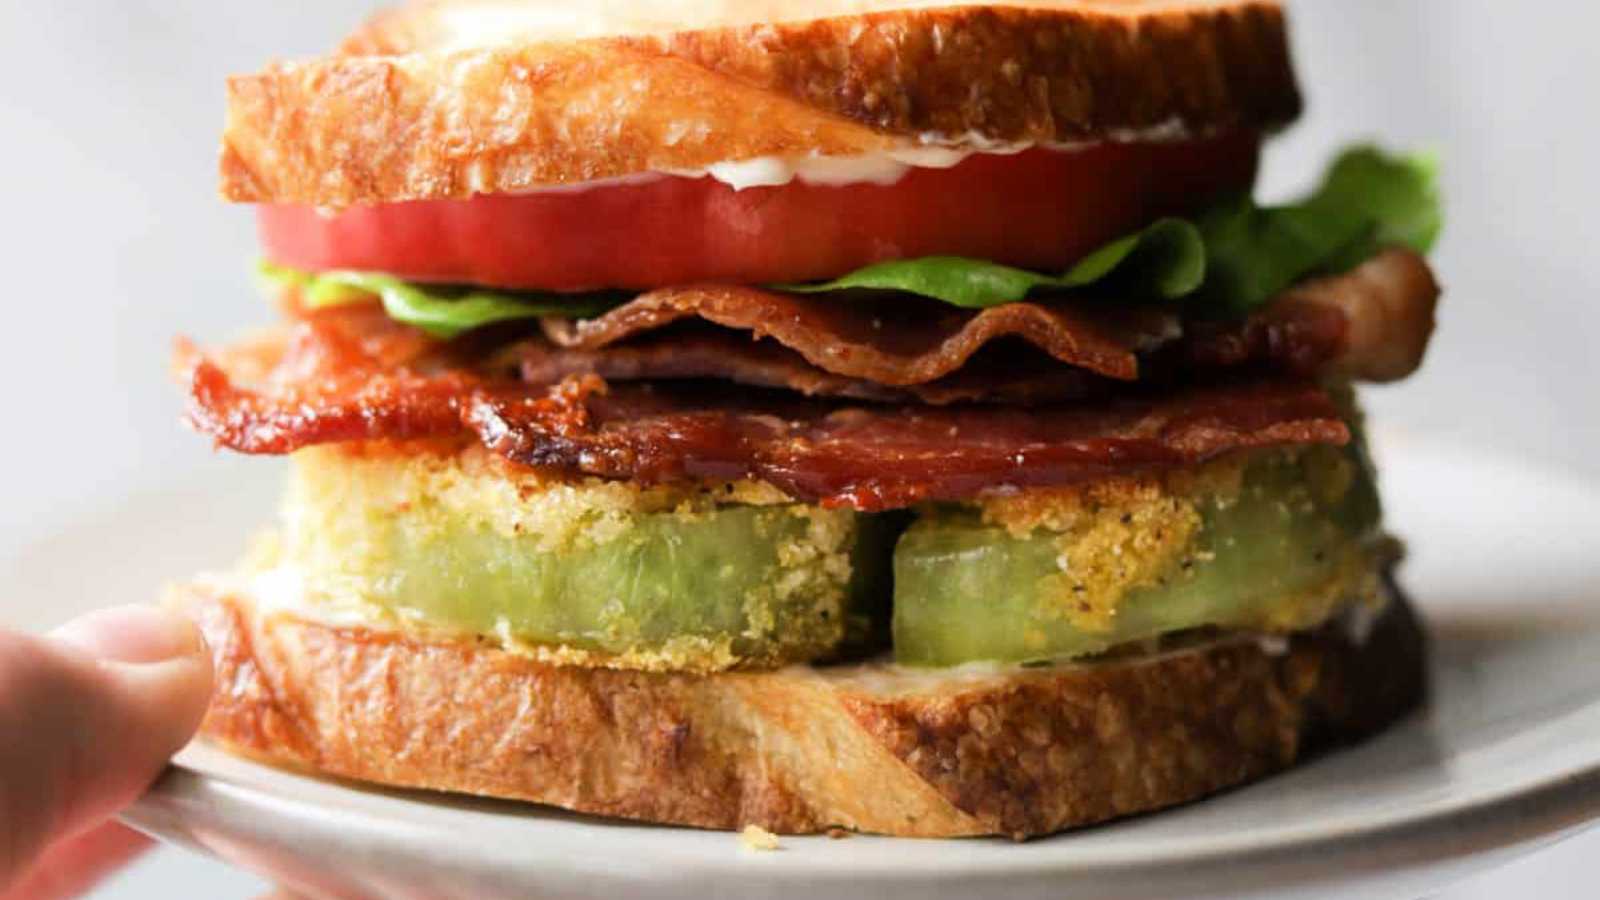 A BLT or bacon, lettuce, and tomato sandwich made with fried green tomatoes.
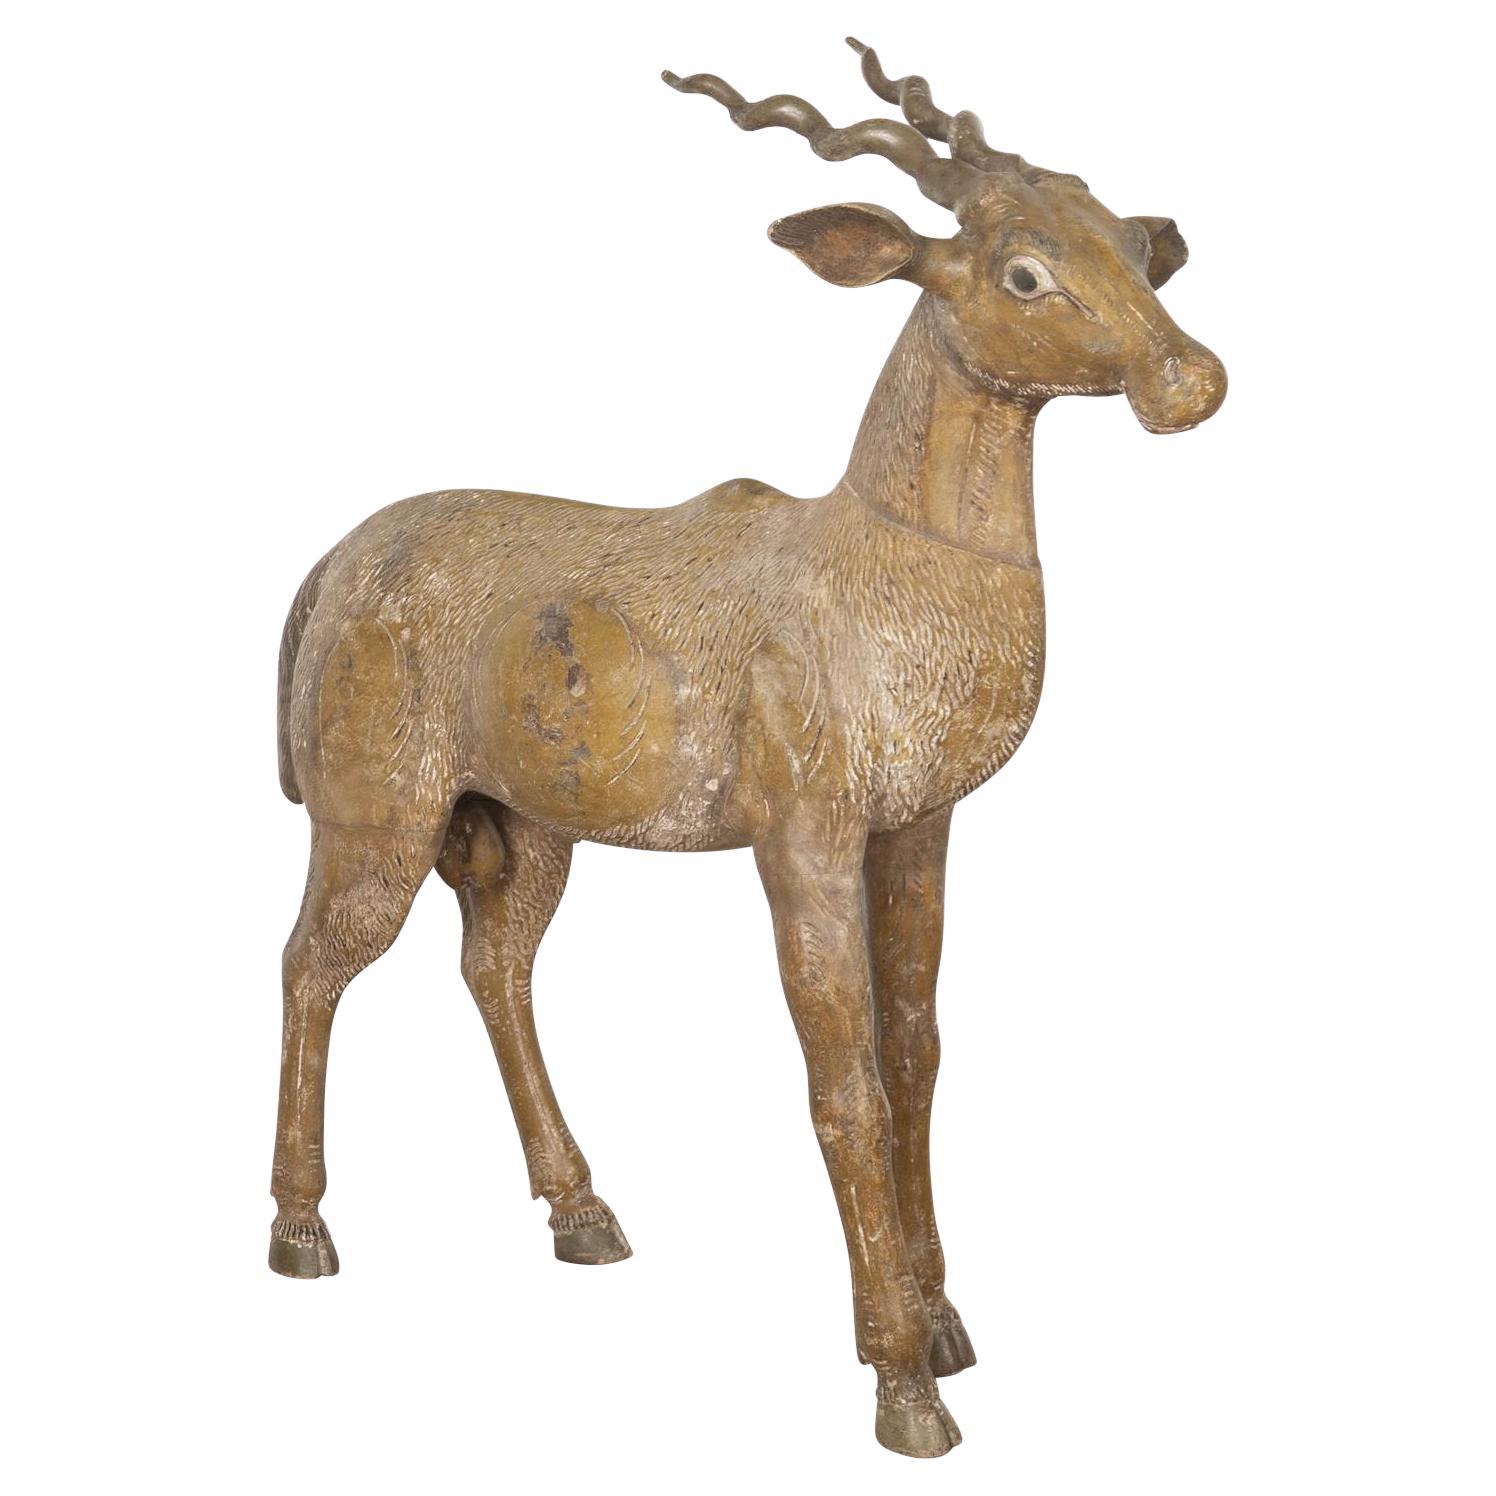 Lifesize 19th Century Quirky Carved Wood Antelope For Sale
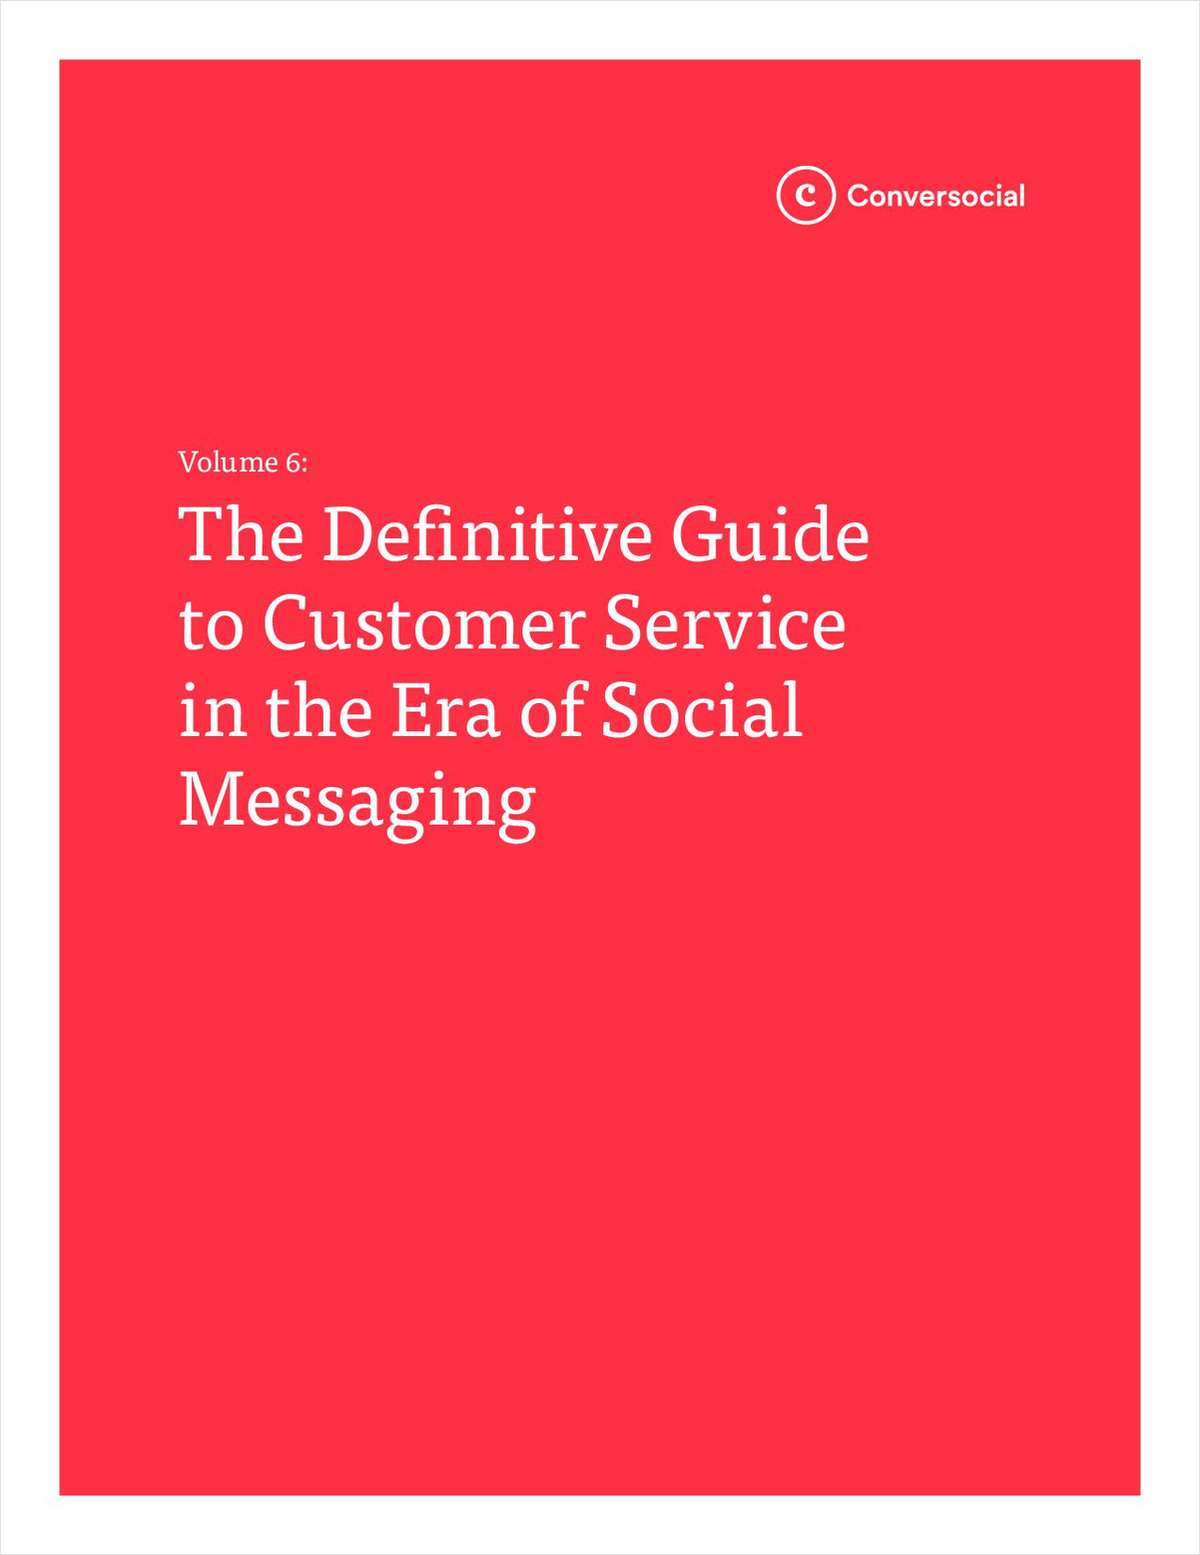 The Definitive Guide to Customer Service in the Era of Social Messaging

--------------------------------------------------

■ Exercise objective ■
The task calls for duplicating the data exactly, with no images kept.

■ Solution ■
 A BLT or bacon, lettuce, and tomato sandwich made with fried green tomatoes.
 Lifesize 19th Century Quirky Carved Wood Antelope For Sale
 The Definitive Guide to Customer Service in the Era of Social Messaging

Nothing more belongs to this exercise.